§ **Source data**:
####################

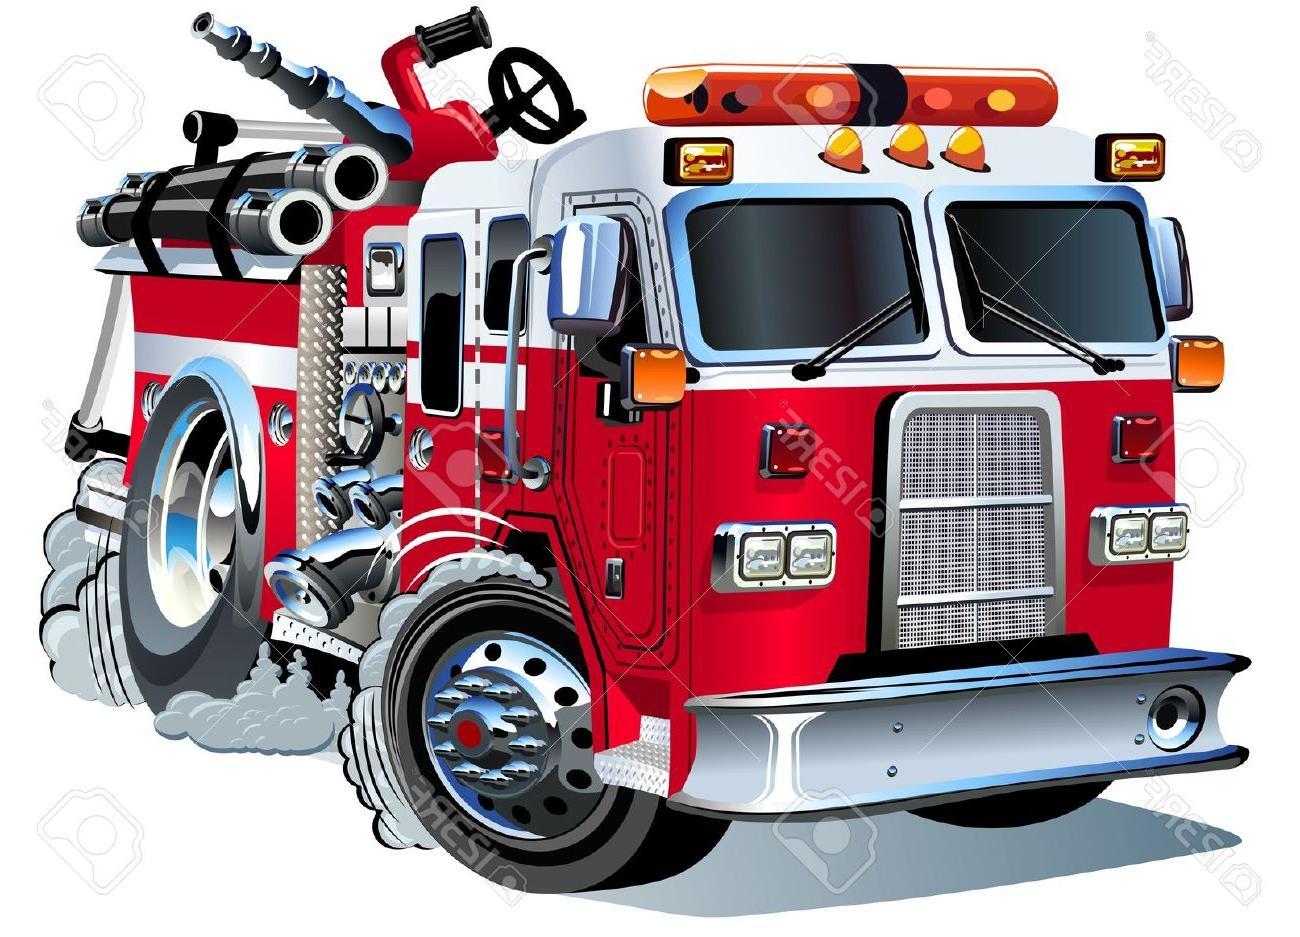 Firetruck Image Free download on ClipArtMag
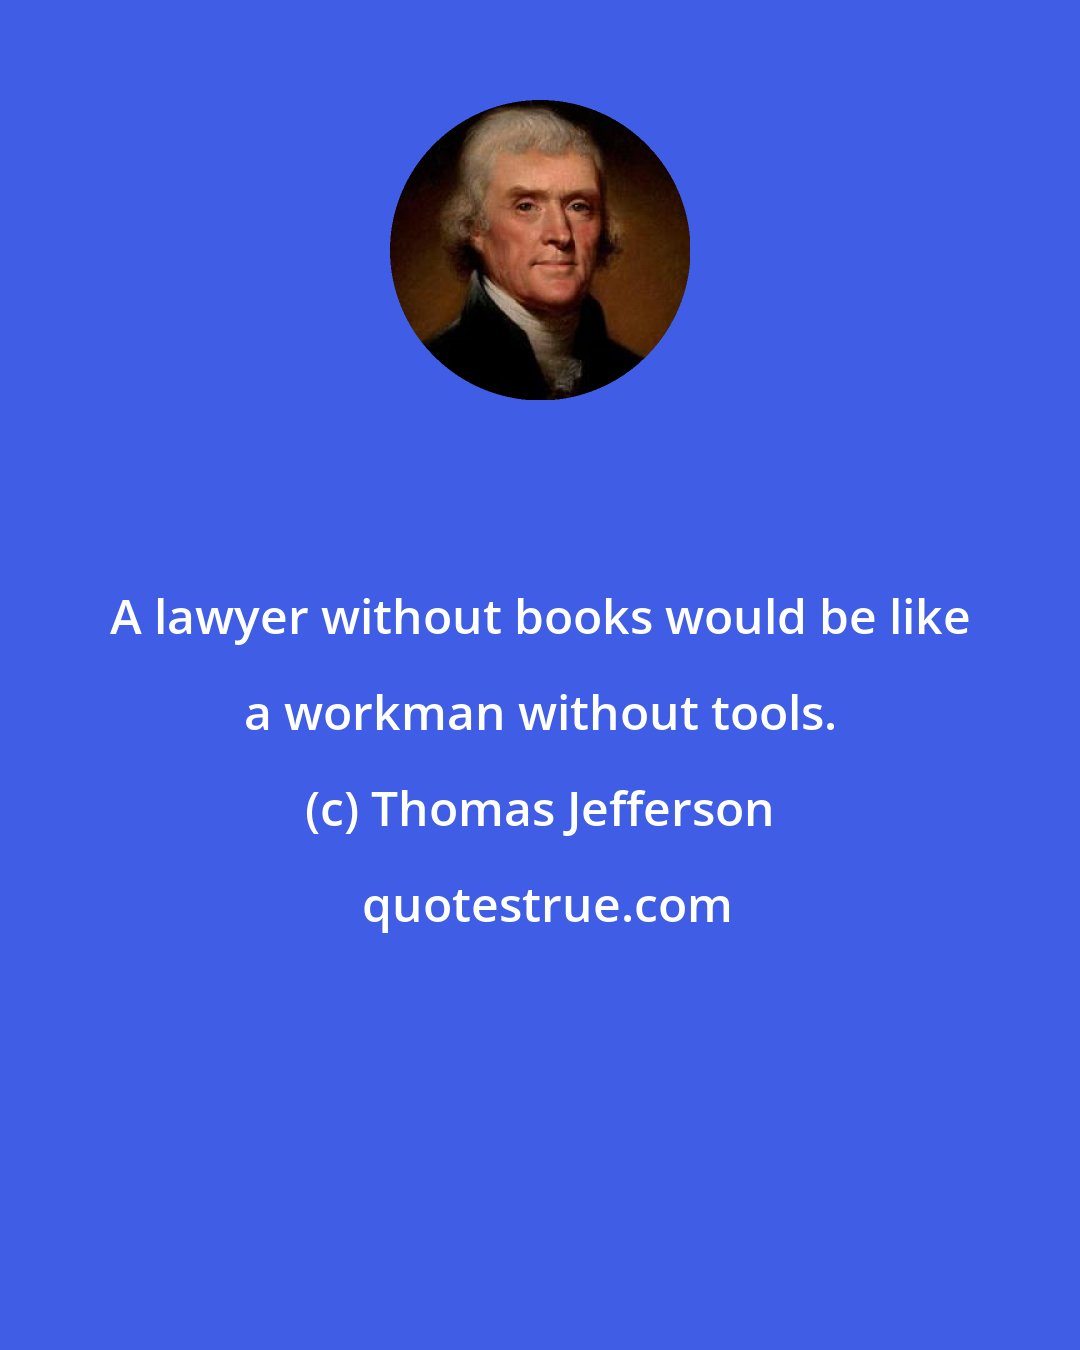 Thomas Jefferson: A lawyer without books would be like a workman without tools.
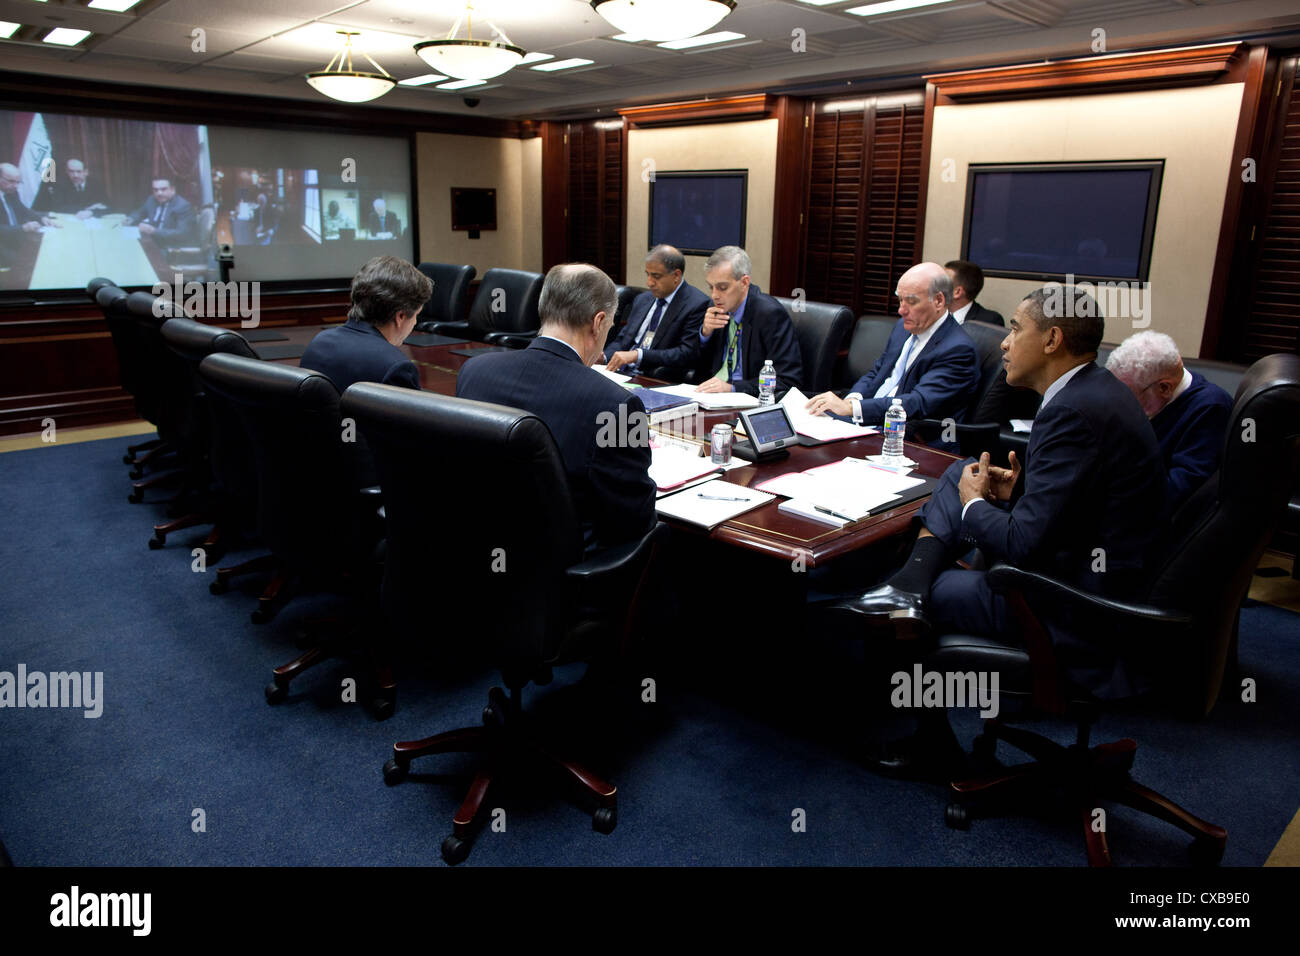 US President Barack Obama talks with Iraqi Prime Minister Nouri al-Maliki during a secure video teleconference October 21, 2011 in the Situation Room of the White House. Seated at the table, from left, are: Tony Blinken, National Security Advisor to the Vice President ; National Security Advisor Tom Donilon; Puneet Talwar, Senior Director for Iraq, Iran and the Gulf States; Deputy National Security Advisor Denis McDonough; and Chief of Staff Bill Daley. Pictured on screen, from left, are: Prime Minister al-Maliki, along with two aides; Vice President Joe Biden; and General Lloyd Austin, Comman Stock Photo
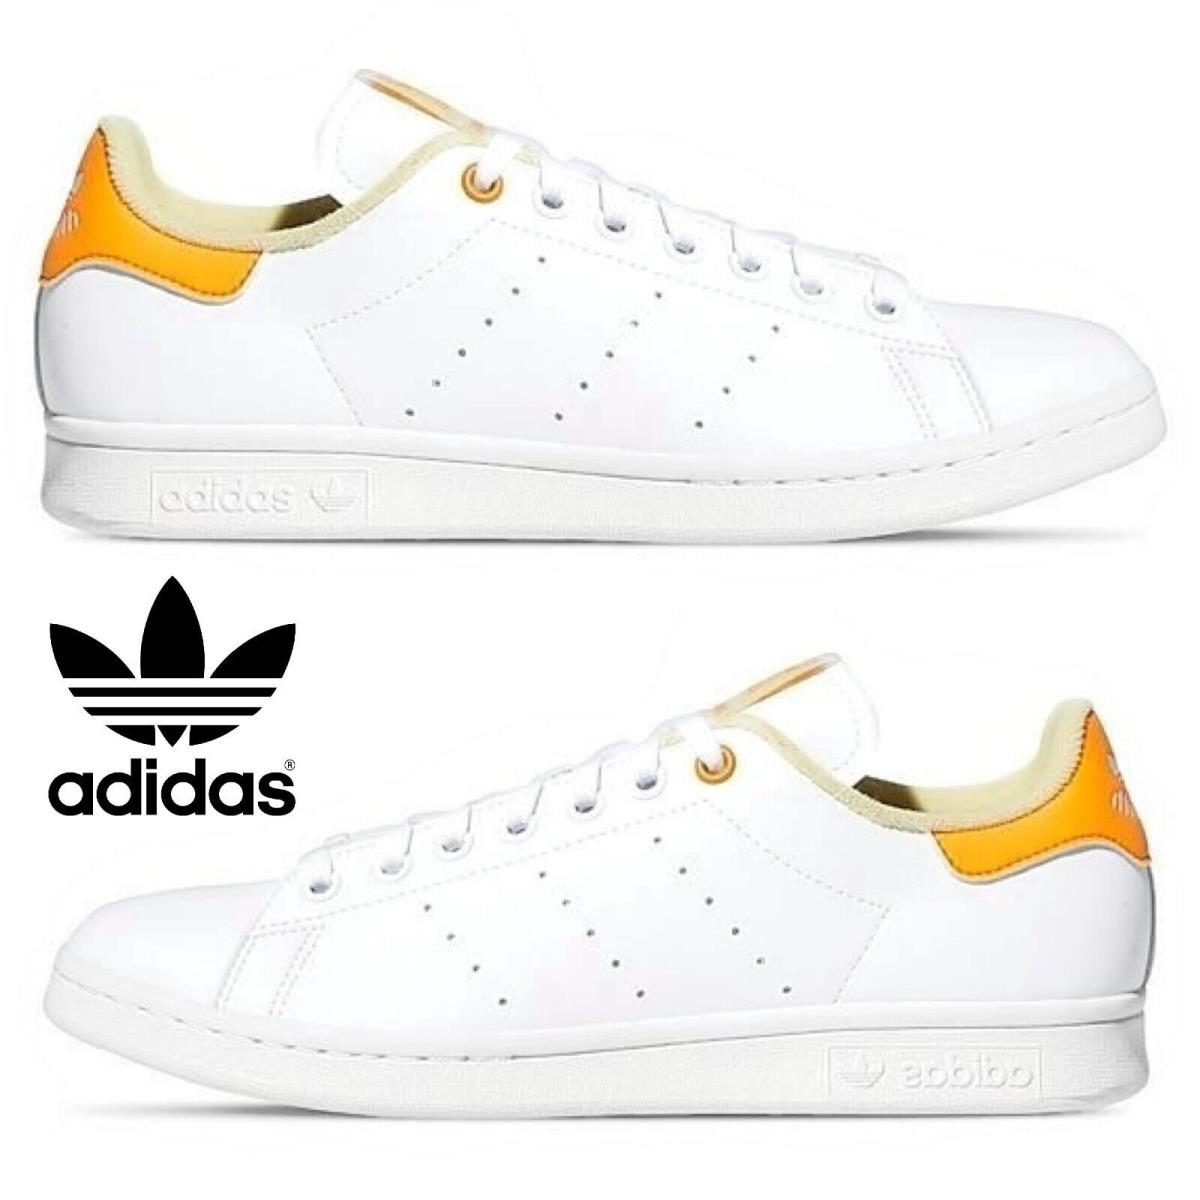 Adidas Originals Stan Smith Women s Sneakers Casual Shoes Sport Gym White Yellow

####################

§ **What you should do**: With the pictures left out, give again exactly the lines from the one that contains "Thomas Jefferson: A" through the final line of the data above.

§ **Answer**:
 Thomas Jefferson: A lawyer without books would be like a workman without tools.
 US President Barack Obama talks with Iraqi Prime Minister Nouri al-Maliki during a secure video teleconference October 21, 2011 in the Situation Room of the White House. Seated at the table, from left, are: Tony Blinken, National Security Advisor to the Vice President ; National Security Advisor Tom Donilon; Puneet Talwar, Senior Director for Iraq, Iran and the Gulf States; Deputy National Security Advisor Denis McDonough; and Chief of Staff Bill Daley. Pictured on screen, from left, are: Prime Minister al-Maliki, along with two aides; Vice President Joe Biden; and General Lloyd Austin, Comman Stock Photo
 Adidas Originals Stan Smith Women s Sneakers Casual Shoes Sport Gym White Yellow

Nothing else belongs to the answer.